Required action: Write each line exactly as it stands, from the line containing "Stone Weight: 4.80 Carat" through the end of the data.

── Records shown ──

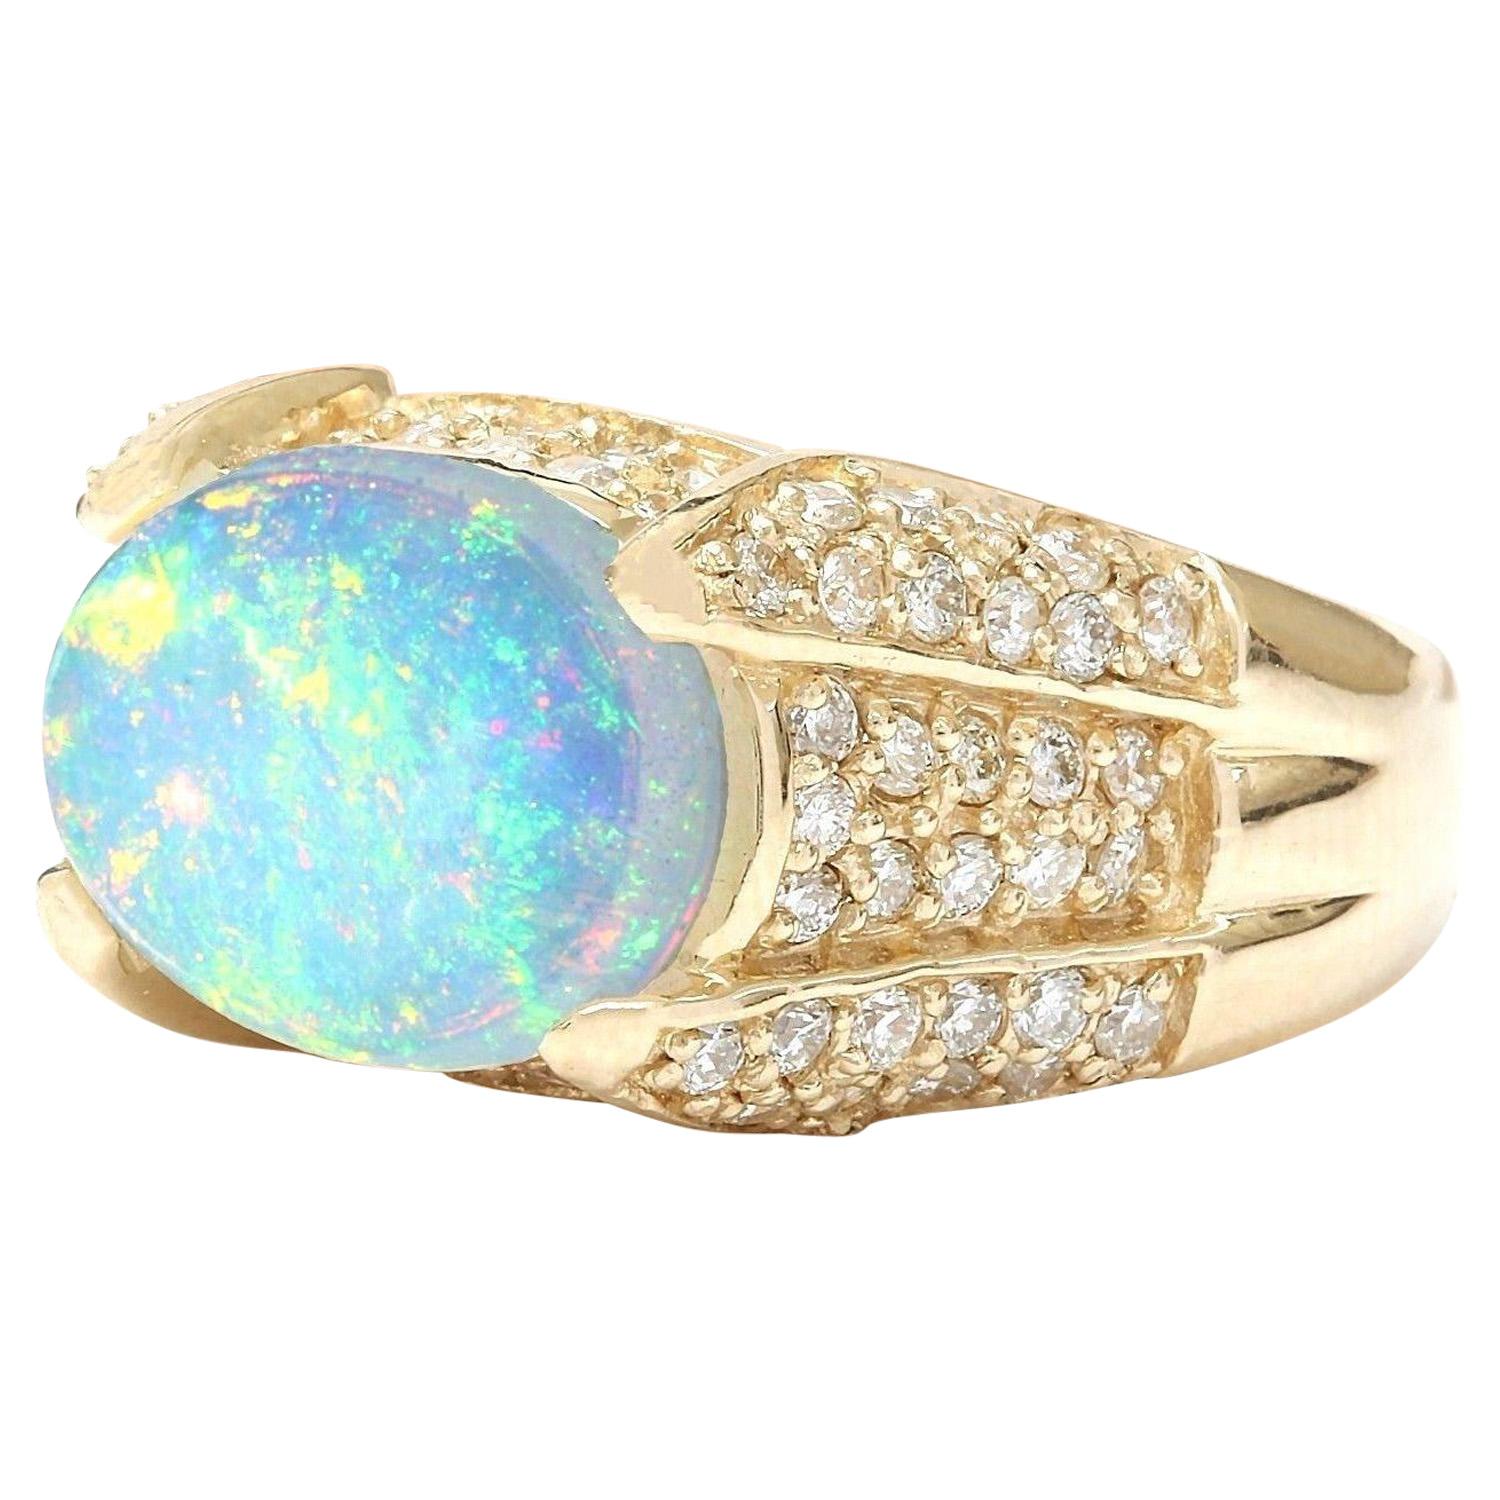 5.90 Carat Natural Opal 14K Solid Yellow Gold Diamond Ring
 Item Type: Ring
 Item Style: Cocktail
 Material: 14K Yellow Gold
 Mainstone: Opal
 Stone Color: Multicolor
 Stone Weight: 4.80 Carat
 Stone Shape: Oval
 Stone Quantity: 1
 Stone Dimensions:

───

Your response:
 Stone Weight: 4.80 Carat
 Stone Shape: Oval
 Stone Quantity: 1
 Stone Dimensions:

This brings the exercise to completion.